Table 1 presents the characteristics of the study participants, stratified by smoking status. Smokers had a younger age (43.2 vs. 45.8 years), higher proportion of male (54.4% vs. 40.8%), lower education attainment (less than high school: 54.3% vs. 30.7%), and a higher proportion of annual household income of lower than USD 55,000 (67.4% vs. 39.3%) than non-smokers (p < 0.05). They were also less likely to have heard of MyPlate (21.0%vs. 29.7%) and had a lower ratio of family income to poverty (2.2 vs. 3.3) compared to non-smokers (p < 0.05). However, there were no significant differences in race/ethnicity between participants based on smoking status (p > 0.05).
Table 2 presents the Poisson regression analysis examining the relationship between diet behavior and smoking status. In model 1, the mean frequency of consuming meals not home-prepared for smokers decreased by a factor of 0.9 (a 10% decrease) and 0.8 (a 20% decrease) in the crude and adjusted models compared to non-smokers, respectively; however, both associations were non-significant (p-value > 0.1).

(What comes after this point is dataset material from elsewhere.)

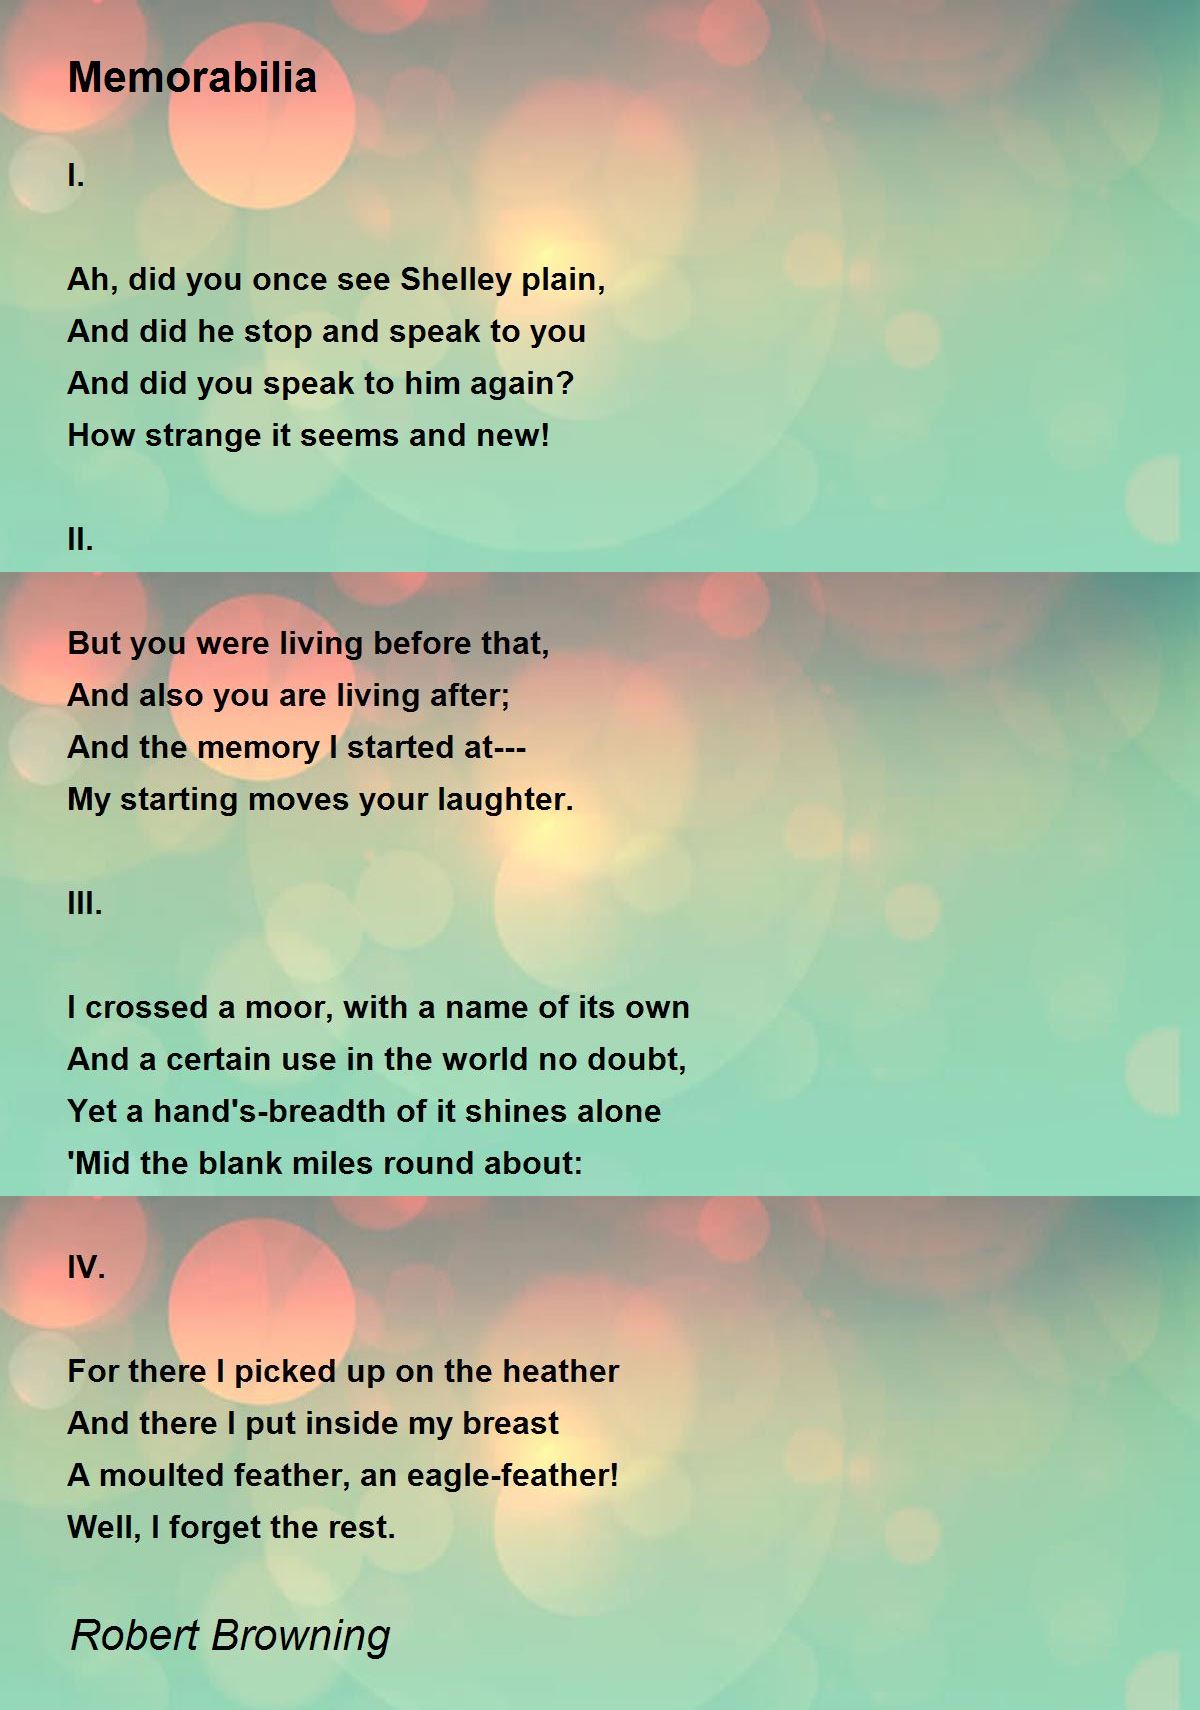 Memorabilia - Memorabilia Poem by Robert Browning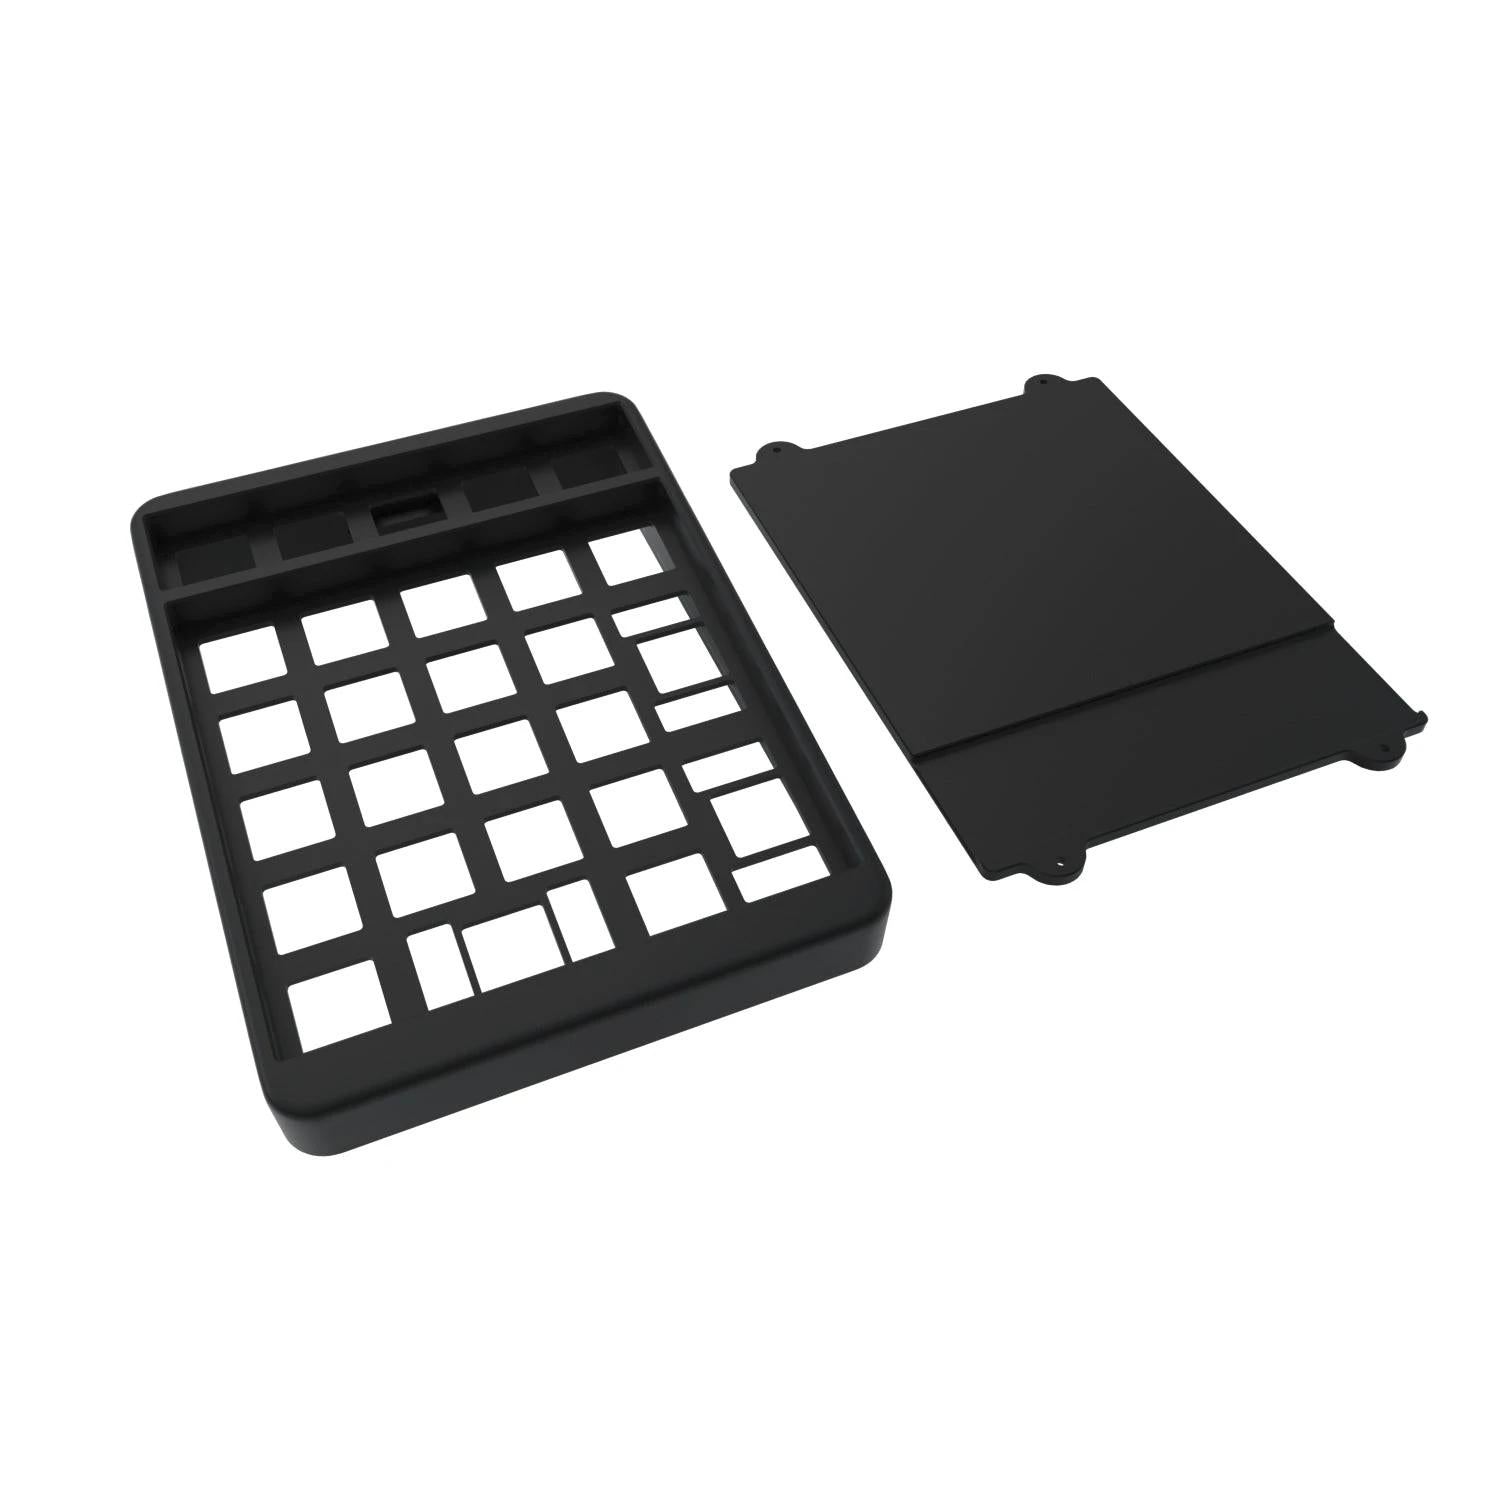 Montex Pad RGB Numpad kit

In model 2 (Table 2), the mean frequency of having ready-to-eat foods in the past 30 days for smokers increased by a factor of 1.2 (a 20% increase) in both the crude and adjusted models, with a non-significant association (p > 0.1) than non-smokers.
In model 3 (Table 2), the mean frequency of having frozen meals/pizzas in the past 30 days for smokers significantly increased by a factor of 1.9 (a 90% increase; 95% CI: 1.4, 2.6; p-value < 0.001) and 1.7 (a 70% increase; 95% CI: 1.8, 2.8; p-value: 0.03) in the crude and adjusted models compared to non-smokers.
Overall, the frequencies of consuming frozen meals and pizzas in the past 30 days were higher among smokers compared to non-smokers. However, there were no significant differences between smokers and non-smokers regarding the consumption of meals not prepared at home or ready-to-eat foods in the past 30 days. Frozen meals and pizzas are usually popular due to their convenience and low economic cost, which may partially explain the higher frequency of use observed among smokers.

4. Discussion

We found that there was no difference in the frequency of meals not home-prepared or ready-to-eat foods between smokers and non-smokers. However, the frequency of having frozen meals/pizzas (UPFs) was significantly higher among smokers than non-smokers. Although UPFs (e.g., frozen meals/pizzas) offer economic benefits with their affordability and convenience in preparation and access, they often contain excessive amounts of energy, sodium, and unhealthy fats, contributing to chronic diseases [29,30,54,55,56,57,58,59].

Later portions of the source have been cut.